Tous furent déçus que Rand n’ait pas l’intention d’entrer dans Illian, mais personne ne se plaignit, du moins pas ouvertement. On vit quand même beaucoup de visages lugubres et on entendit des chuchotements amers quand ils commencèrent à dresser les camps à la hâte. Comme la plupart des grandes cités, Illian avait la réputation d’être mystérieusement exotique, et d’abriter des cabarets attirants et des femmes faciles. Au moins pour les hommes qui n’y étaient jamais allés, même si c’était la capitale de leur pays. L’ignorance exagérait toujours la réputation d’une ville dans ce domaine. Cela étant, seul Morr galopait sur la chaussée. Les hommes en train de planter des piquets de tentes et des pieux pour attacher les chevaux, se redressèrent et le suivirent avec des yeux jaloux. Les nobles l’observèrent avec curiosité, tout en feignant de ne pas le regarder.

Les Asha’man de Gedwyn ne prêtèrent aucune attention à Morr en dressant leur camp qui consistait en une tente noire pour Gedwyn et Rochaid, et une aire d’herbes piétinées et séchées où les autres dormiraient à la belle étoile, enroulés dans leur cape. Bien entendu, on utilisa pour ce faire le Pouvoir, grâce auquel tout avait été fait, y compris l’allumage des feux. Dans les autres camps, certains observaient, médusés, leur tente qui se dressait d’elle-même et les paniers qui flottaient loin des chevaux de bât. Mais la plupart regardaient ailleurs quand ils réalisaient ce qui se passait. Deux ou trois soldats en noir discutaient entre eux.

Flinn et les autres ne se joignirent pas au groupe de Gedwyn – ils avaient deux tentes, dressées près de celle de Rand –, mais Dashiva alla trouver le « Chef des Tempêtes » et le « Chef des Attaques », qui surveillaient nonchalamment les opérations, donnant un ordre bref de temps en temps. Ils échangeaient quelques mots, et Dashiva revint, secouant la tête et maugréant entre ses dents. Gedwyn et Rochaid n’étaient pas aimables. Et c’était aussi bien.

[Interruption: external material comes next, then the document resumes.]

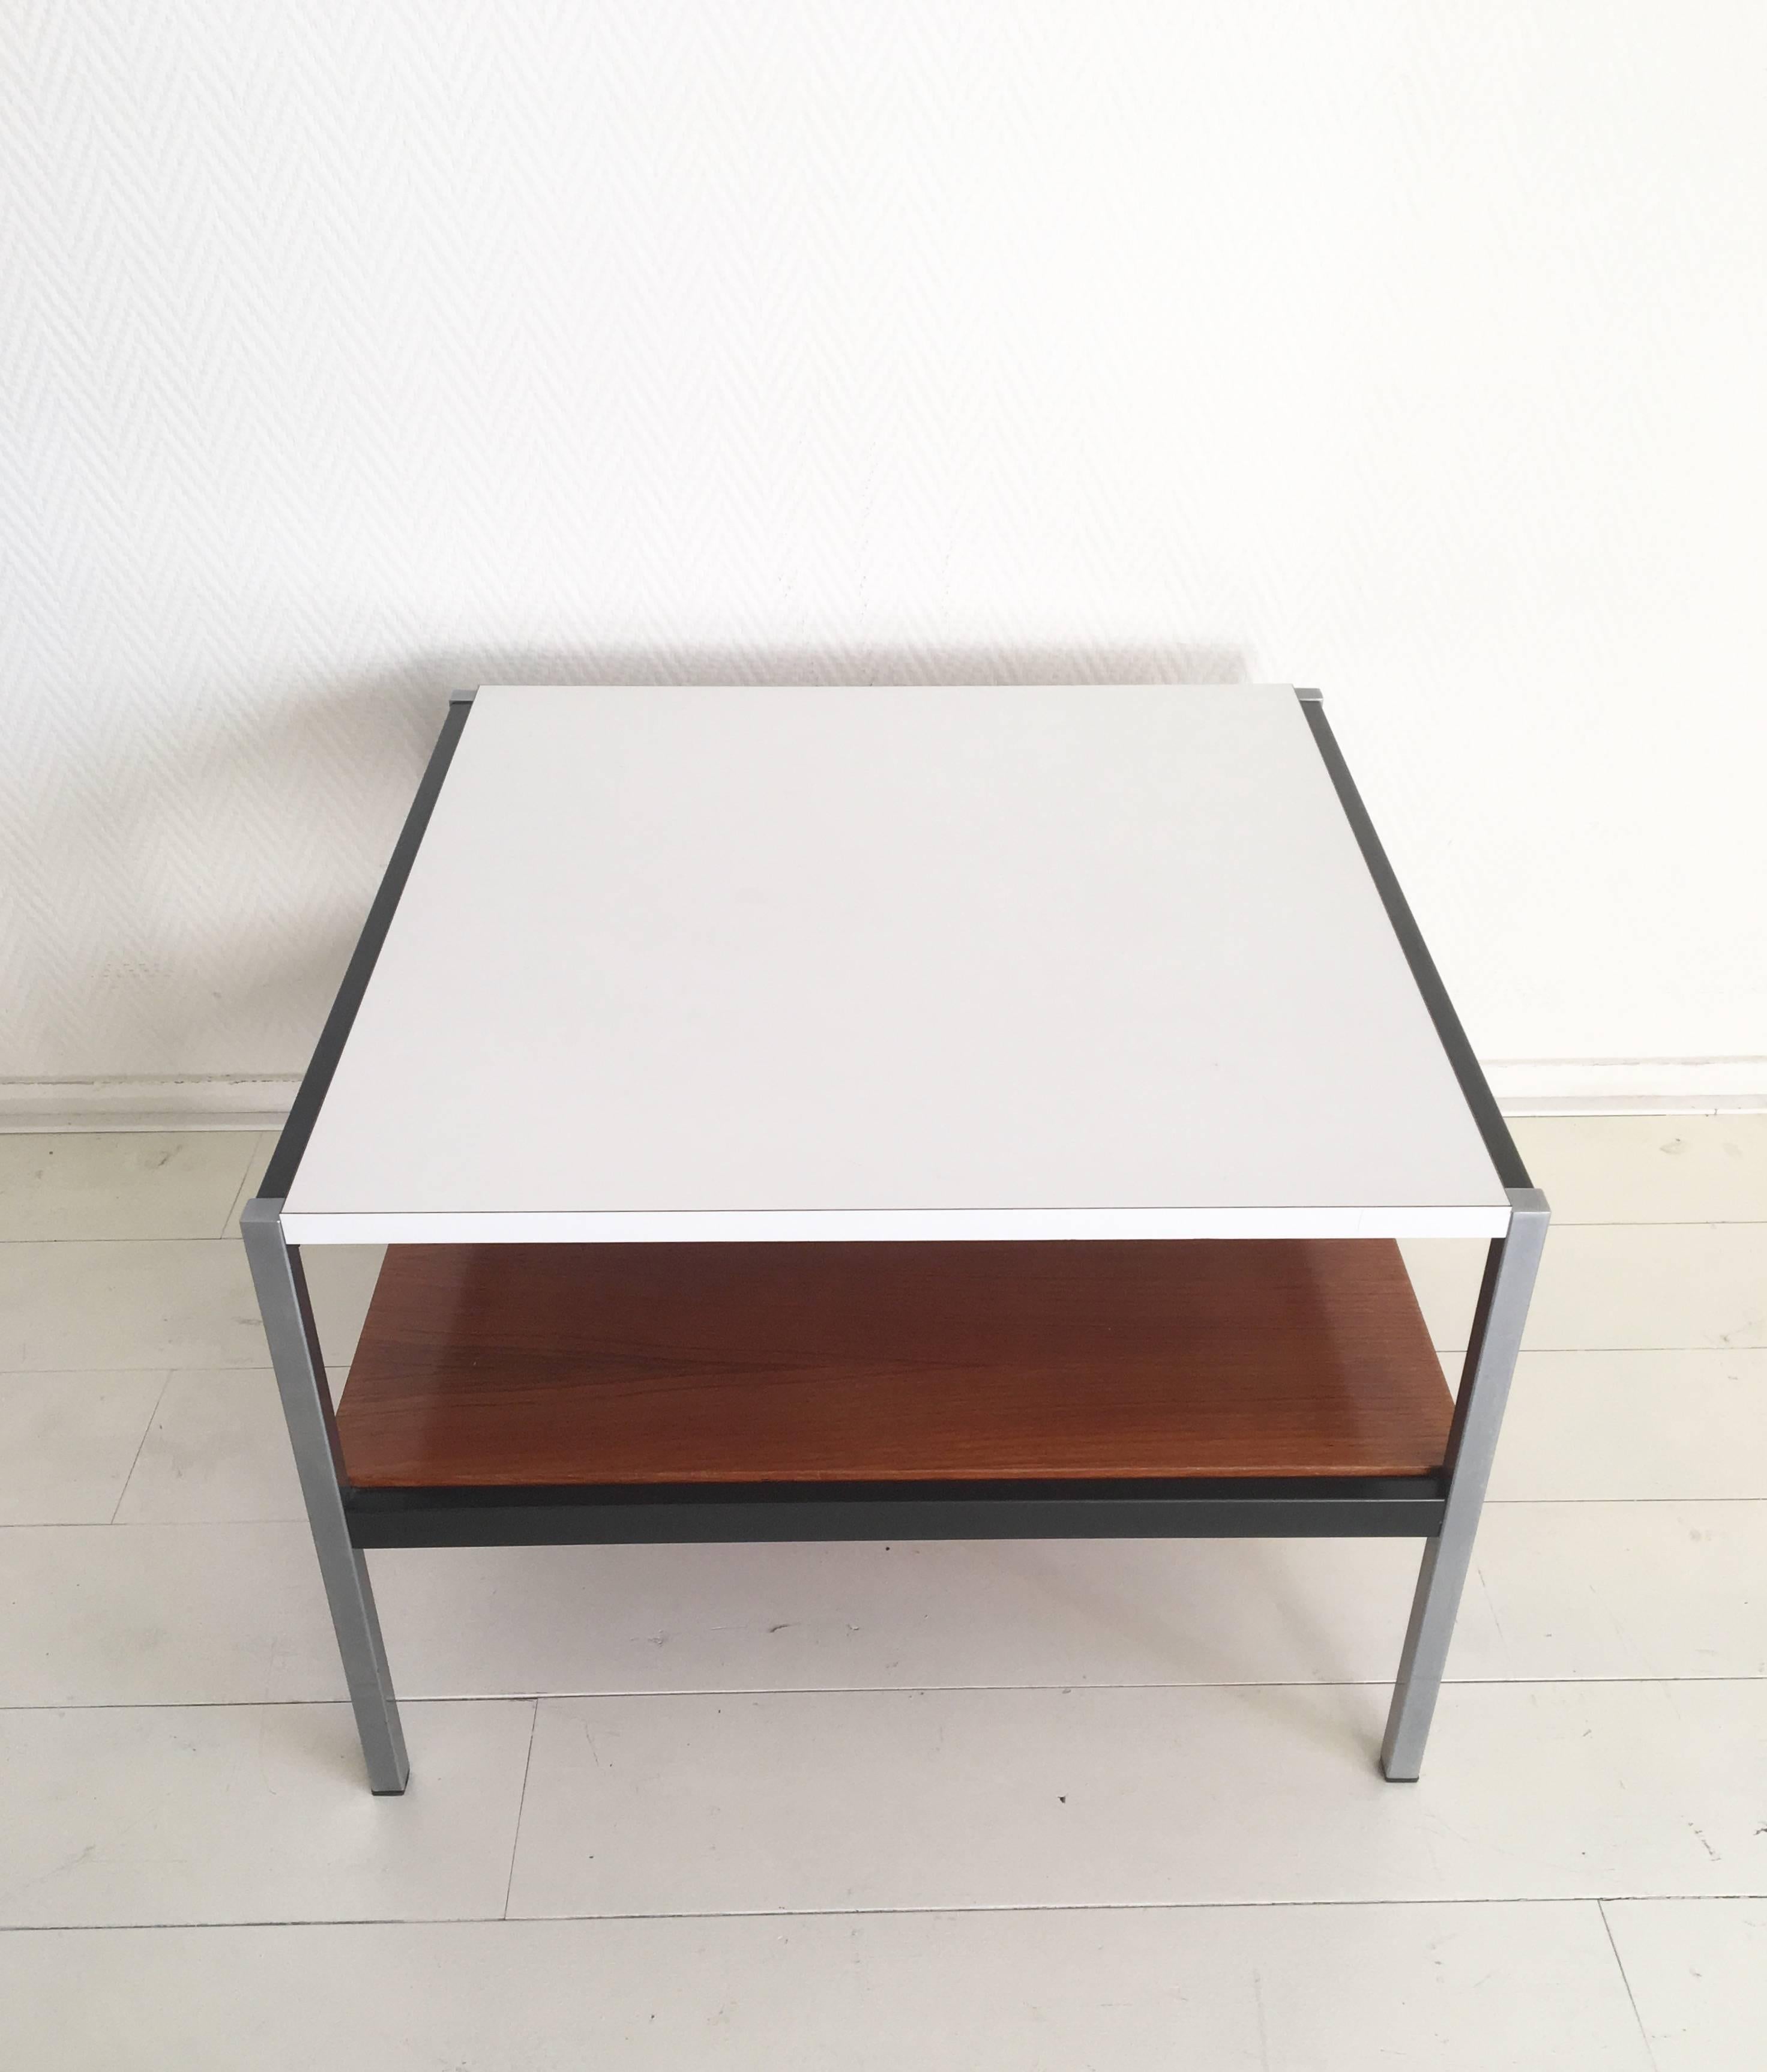 20th Century Minimalist Coffee Table by Coen de Vries for Gispen, 1960s

Rand entra dans sa tente dès qu’elle fut dressée, et s’affala sur son lit de camp encore tout habillé, contemplant la pente du toit. Il y vit des abeilles brodées, sur un faux plafond en soie. Hopwil lui apporta une chope en étain pleine de vin chaud – Rand avait laissé ses domestiques à l’arrière – mais le vin refroidit sur sa table de travail. Son esprit travaillait fiévreusement. Il songea que deux ou trois jours de plus auraient suffi pour porter aux Seanchans un coup qui les aurait abattus. Puis il serait revenu à Cairhien pour voir comment s’étaient déroulées les négociations avec le Peuple de la Mer, pour apprendre ce que voulait Cadsuane – il avait une dette envers elle, mais elle voulait quelque chose ! – et pour mettre fin à ce qui restait de la rébellion là-bas. Caraline Damodred et Darlin Sisnera s’étaient-ils échappés à la faveur de la confusion ? Une fois le Haut Seigneur Darlin entre ses mains, peut-être que la rébellion à Tear se terminerait également. Si Mat et Elayne étaient au Murandy, ce qui était apparemment le cas, des semaines, au mieux, passeraient avant qu’Elayne ne puisse revendiquer le Trône du Lion. Cela fait, il devrait s’éloigner de Caemlyn. Mais il fallait qu’il parle à Nynaeve. Était-ce possible de purifier le saidin ? Cela pourrait marcher, ou détruire le monde. Lews Therin bredouillait dans sa tête, en proie à une folle terreur. Par la Lumière, où était Narishma ?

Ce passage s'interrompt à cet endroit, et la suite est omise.